There are exactly six different items placed in two perfectly aligned rows. On the top row are three sets of paper. The first two look to be letters, the last is a deck of blank sheets. Underneath are three envelopes. One has a US postmark. May 2008. Another has a red and white airmail border and is marked from Ghana. That post- mark reads April 2008. My eyes wander to the final items, two blank envelopes with stamps at the corners, one with a small airmail label and the other without. I am curious and so I lean closer but Adowa blocks my vision as she also leans down in an uncharacteristic bent. She picks up an empty sheet of paper with one hand and reaches to- ward the first letter with her other. I notice her forehead is wrinkled, her hand shaking. My own hand lurches out to her and finds itself in her hair, cut short to fit her finely built forehead. It is a forehead built for thinking, for looking at things deeply. I move my hands to her strong shoulders and they are hard, reminding me of the thick braided ropes the coastal fishermen pull taut to bring in their boats. Something is gravely wrong. I wave off a fleeting guilt that warns I am invading a too private moment. Adowa has a strength of character that does not belie doubt to anyone, not even to me. As I begin to rub her scalp, her temples, I ask her what is wrong and pull at her ears, easing the lobes down from the cartilage. She has never pierced them like most women I know, carrying her beauty instead in the grace of her walk, the length of her posture. The black gleam of her skin, the seriousness of her disposition, her insistence. Adowa ignites fires in my being I cannot control and nor do I try I rub harder into her shoulders.
Adowa takes no note of me; she picks up her pen and begins writing. I long to hear her words as my fingers work to soften her muscles. Her words are always chosen slowly and carefully, with the precision of a scientist and the controlled passion of a writer. ‘They are delicious, always,’ our friend Elias says, ‘as a ripe pear.’ Adowa writes so determinedly. I realize she is not aware of me at all. I withdraw my hands from her and try to contain my curiosity. But it insists like a small child wanting milk. I crane to see what Adowa spells, but the words blur the closer I move. Unable to resist, I push my head through the triangle between her torso and her arm and then I rest my head at her breast so that I am nearly eye level with her pen. I am surprised to find that the characters are messy and unlike her perfect script. Still, I think I can see my name in the text. Maybe she is writing to me. I open my hands to see my fingers and then I count them, one by one, until I reach fourteen. That is the number of days since I have last spoken to her.

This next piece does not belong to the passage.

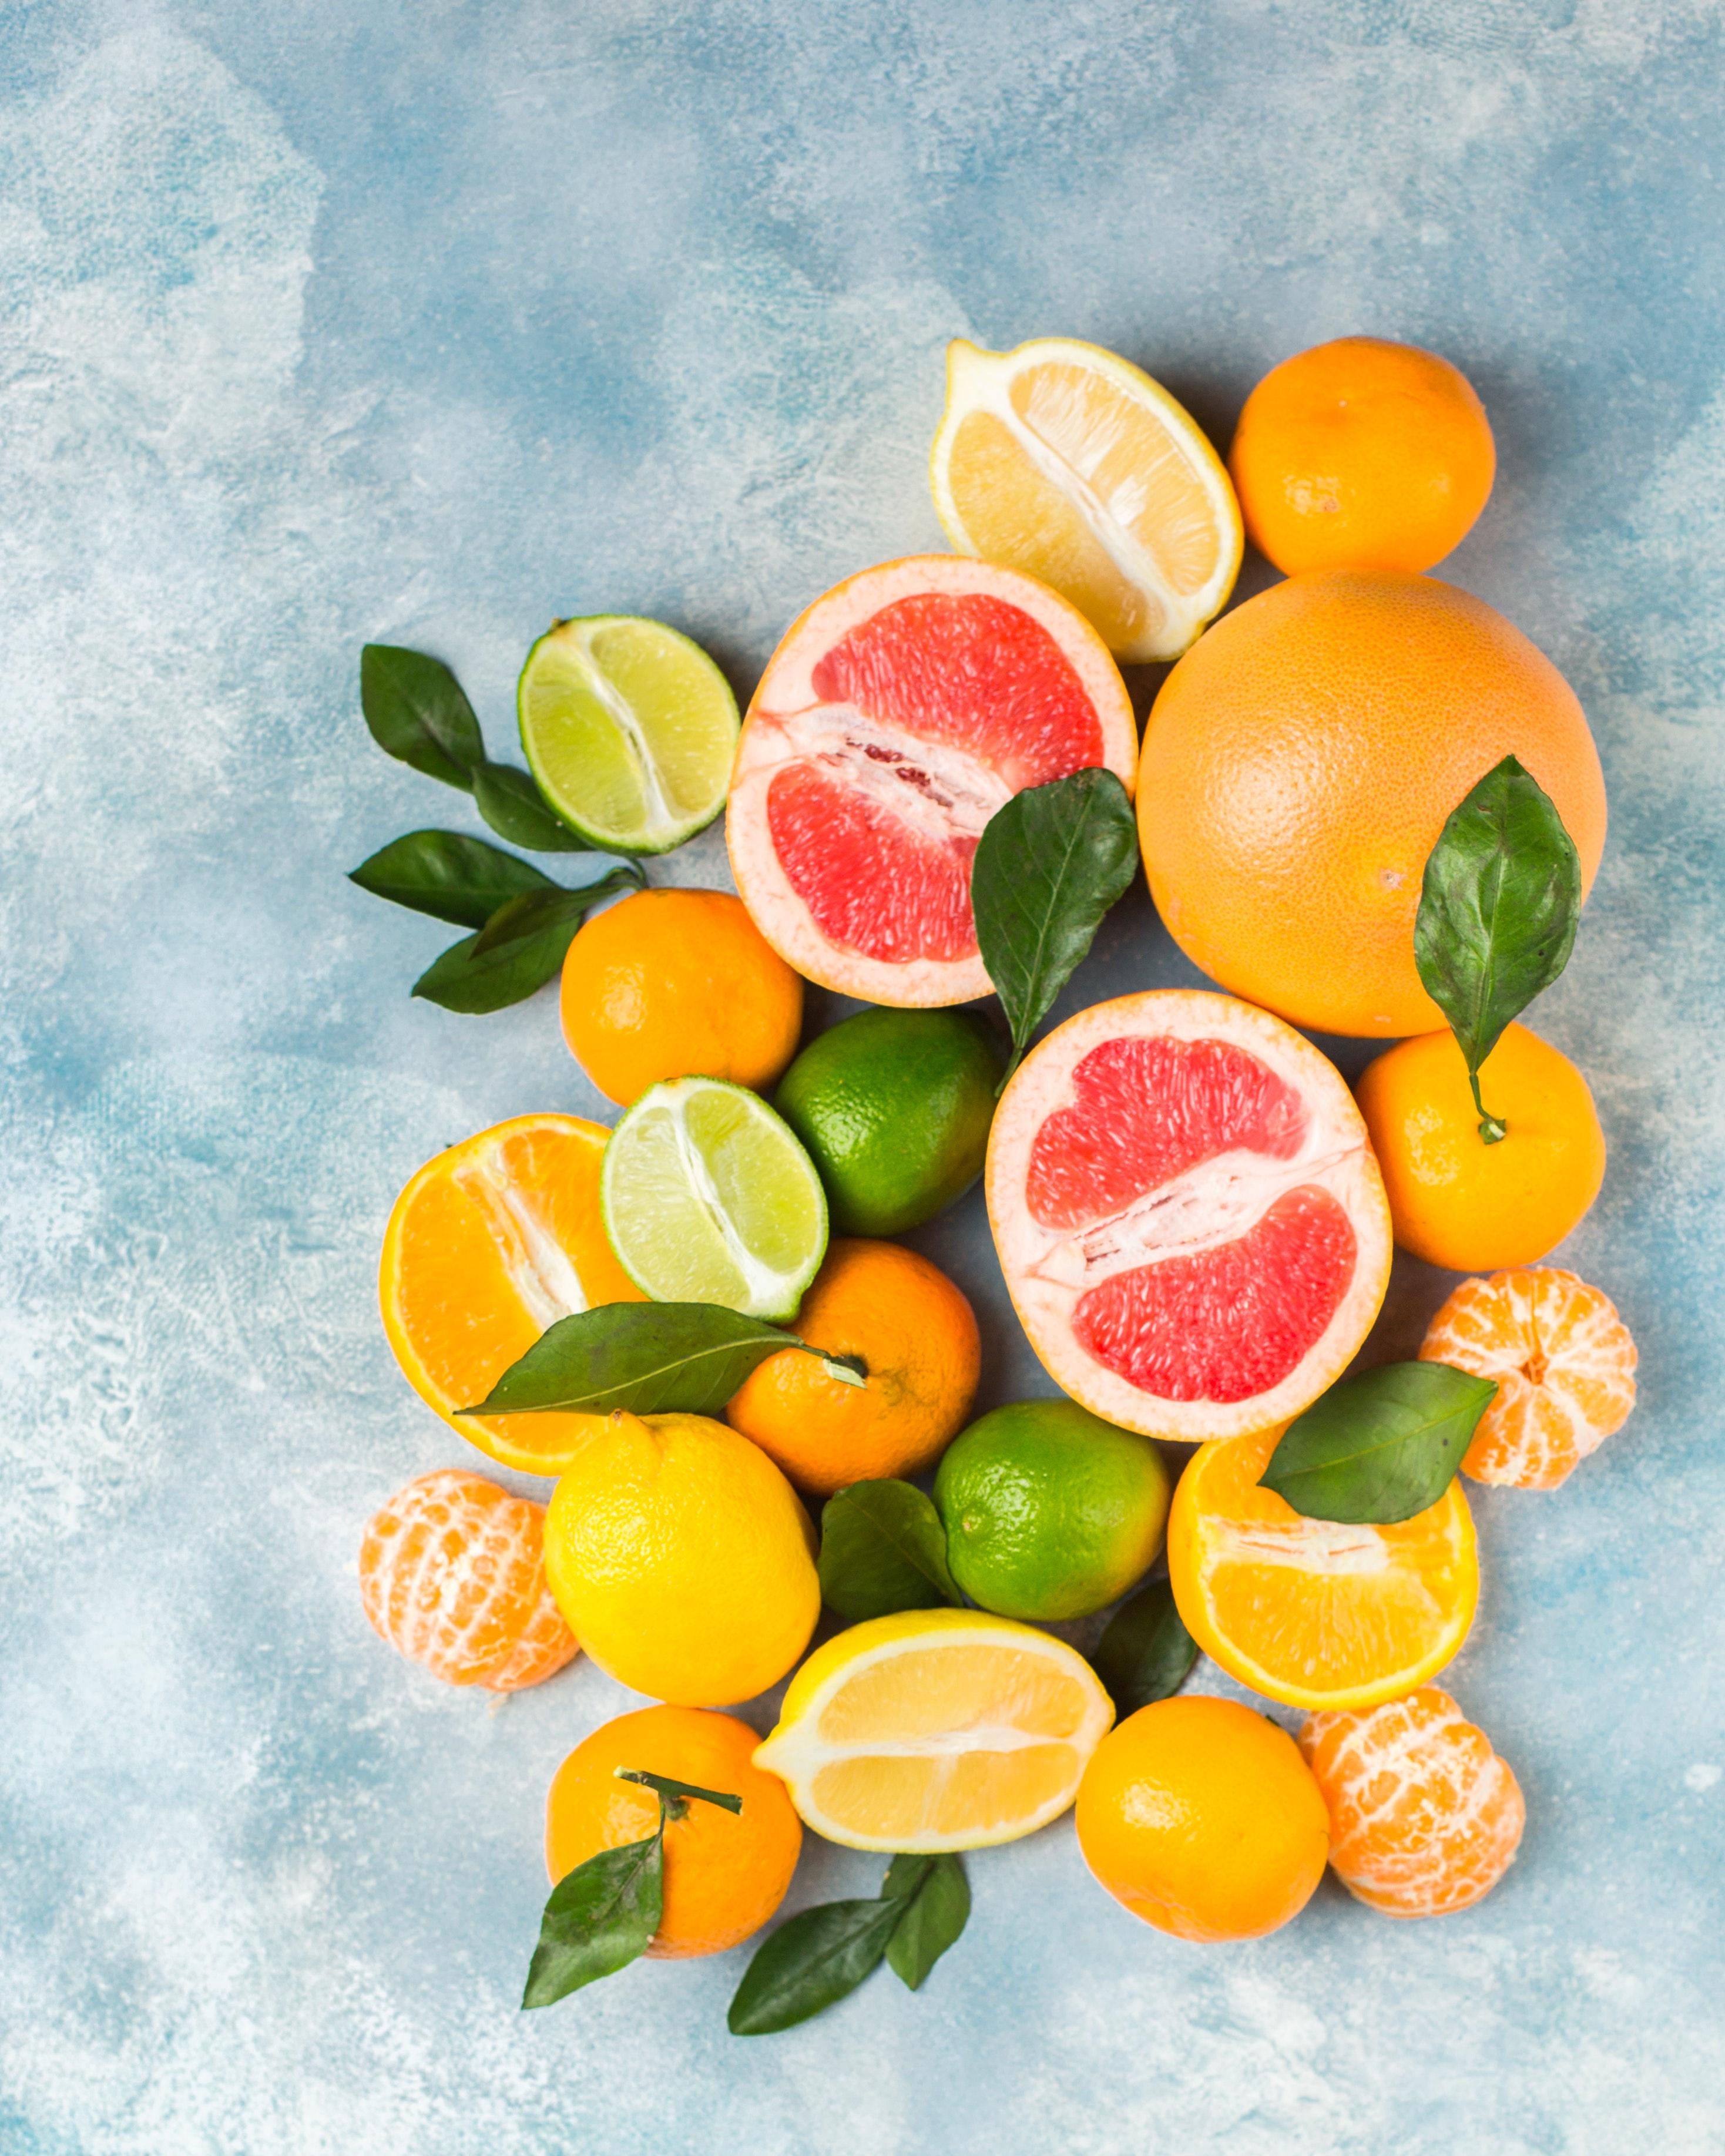 phòng tránh nguy cơ ung thư trái cây họ cam cắt đôi để trên bàn
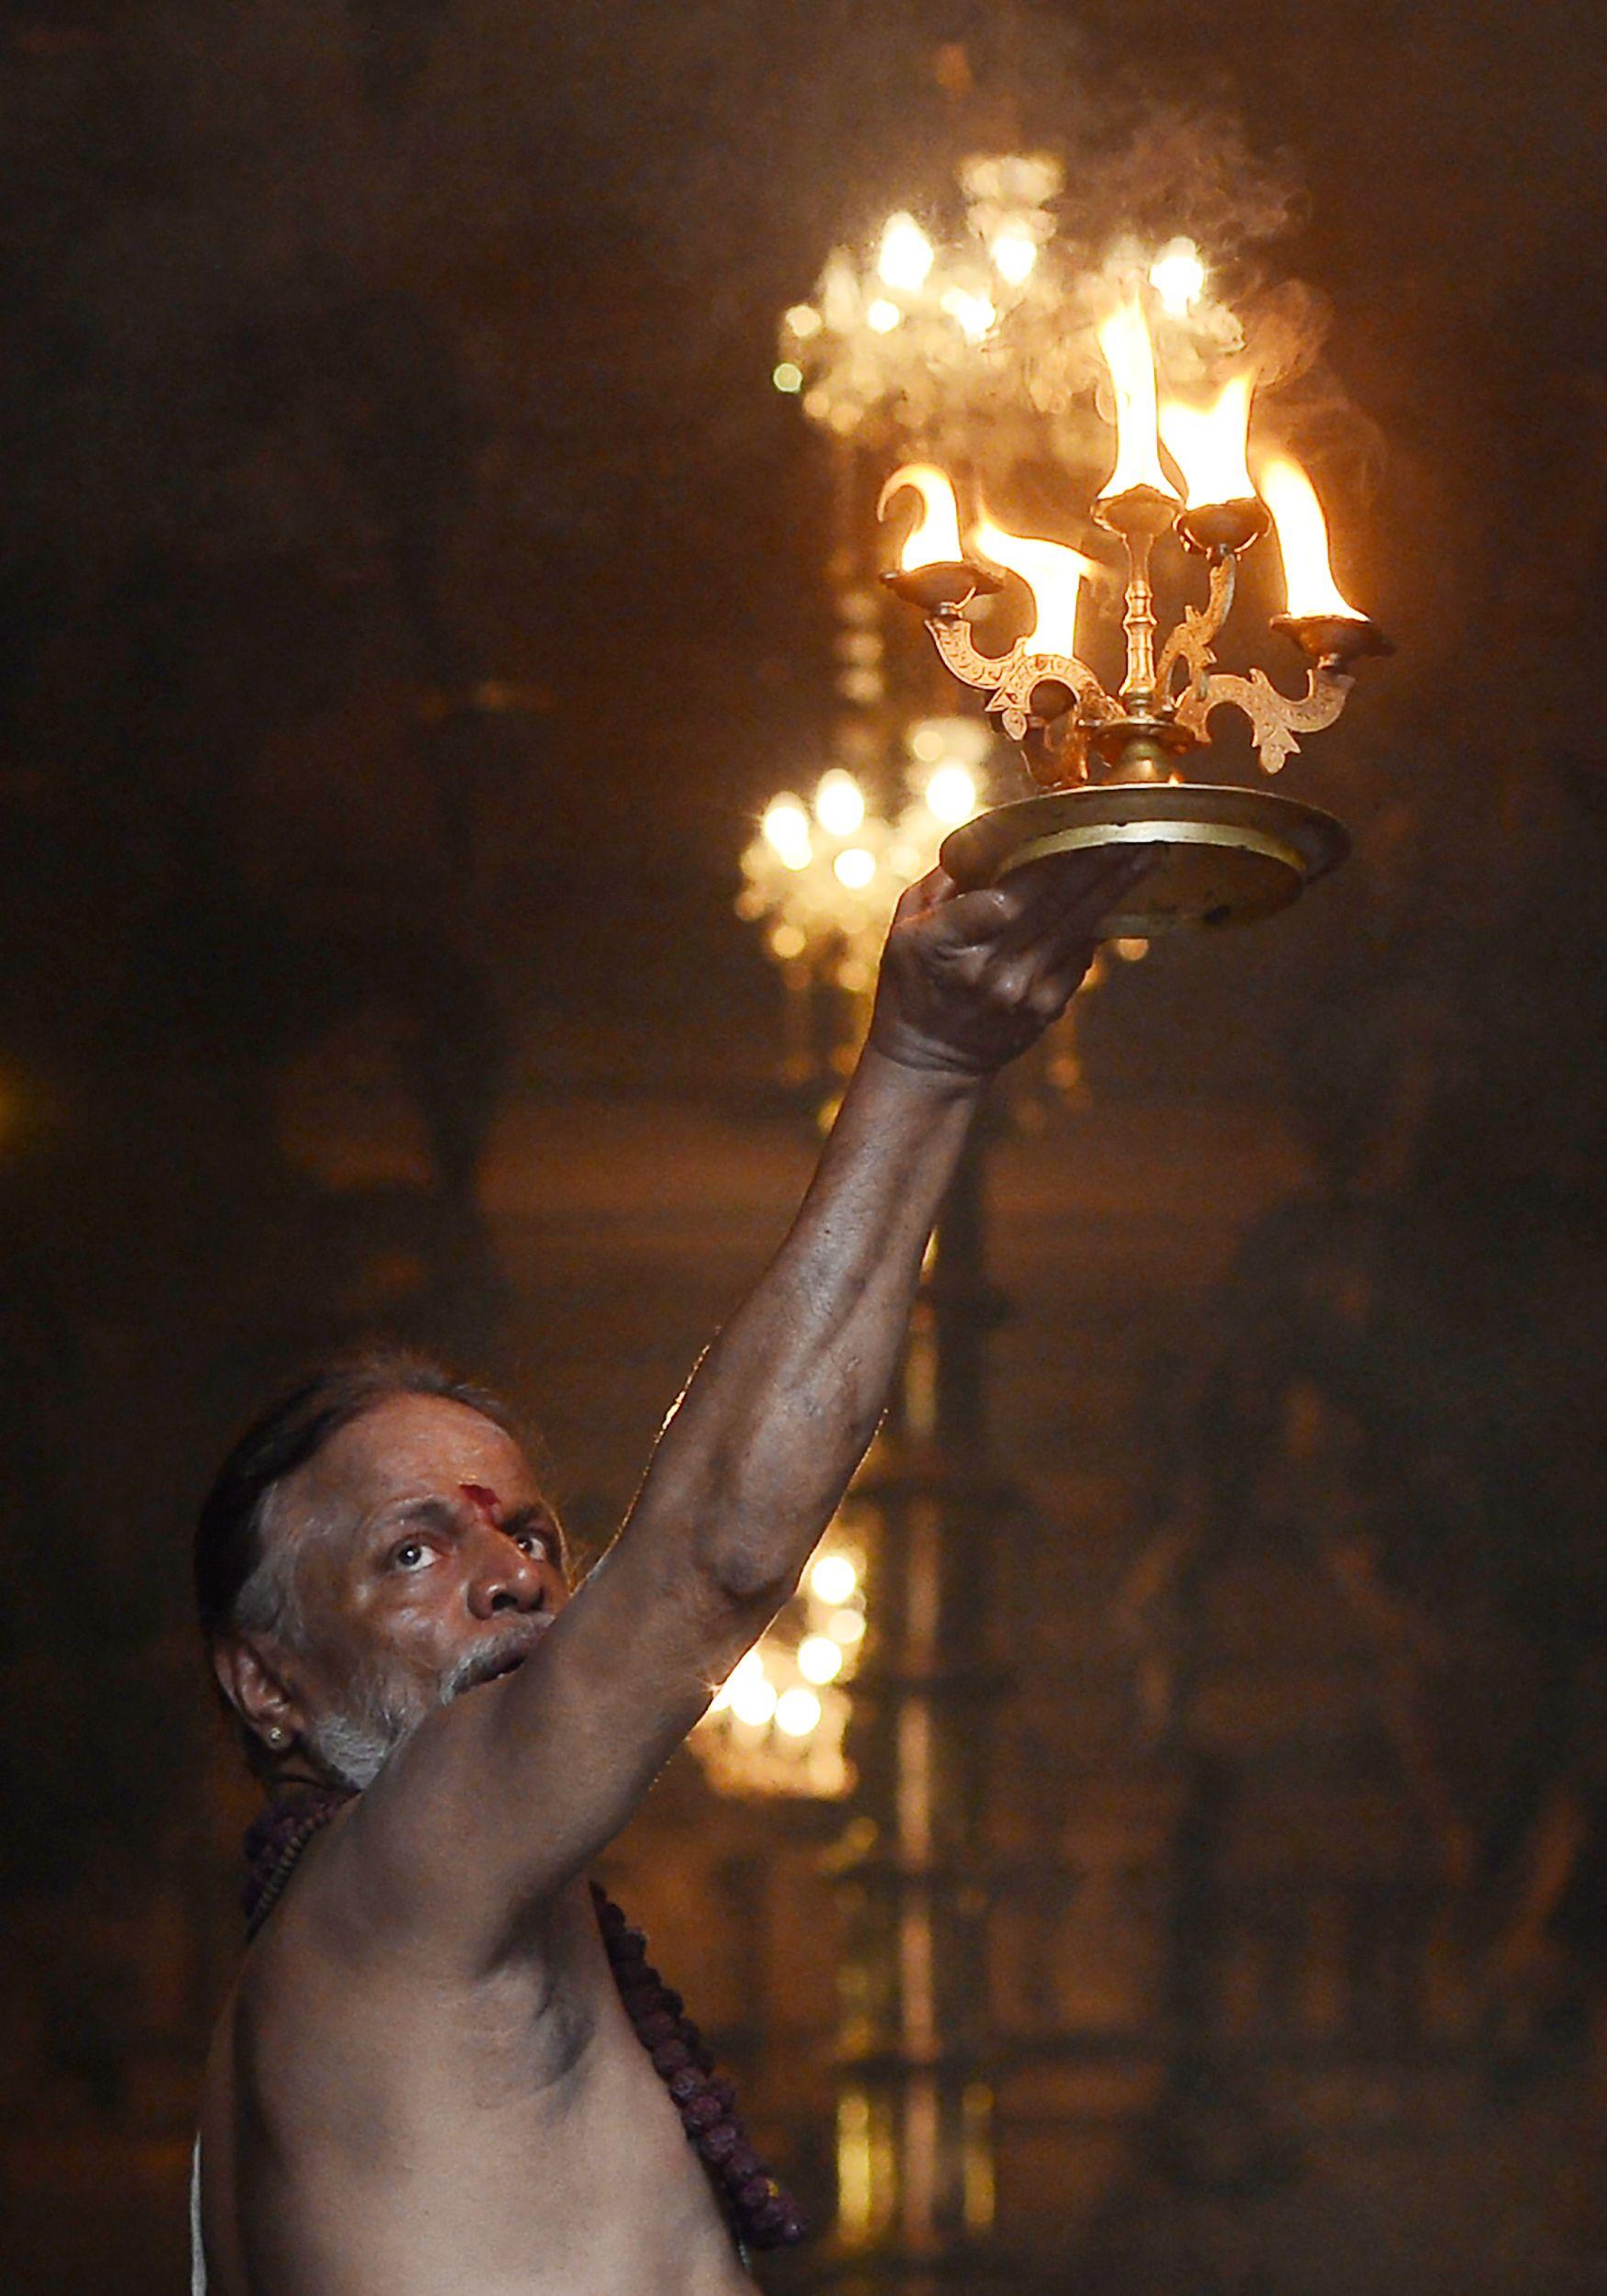 إضاءة المشاعل فى سريلانكا احتفالات بمهرجان البونجال

‘It is too long,’ I say aloud to her.
Adowa has finished the letter and begins to fold it.
‘But I understand…’
Her back straightens as she picks up the first envelope, places
the letter inside.
‘You must be so very busy now…’
Adowa begins to write her return address in the left corner of the envelope.
‘.but you are almost finished. The dissertation is nearly complete.’ I strain to sound comforting, but my voice seems to bounce off the table and back into my mouth.
‘I will wait for as long as it takes to finish, Adowa.’ She sneezes, pauses, and then she moves her hand to the center of the envelope.
‘Finish what you must there in America,’ I say and grasp her hand as she writes, moving with the script as the letters appear, ‘and then come home, to Tanzania.’ We had agreed that she would arrive at the end of her summer, the beginning of our spring here.
I look down to what we have written and coil back in surprise. Rosa. At 183 Morningside Road.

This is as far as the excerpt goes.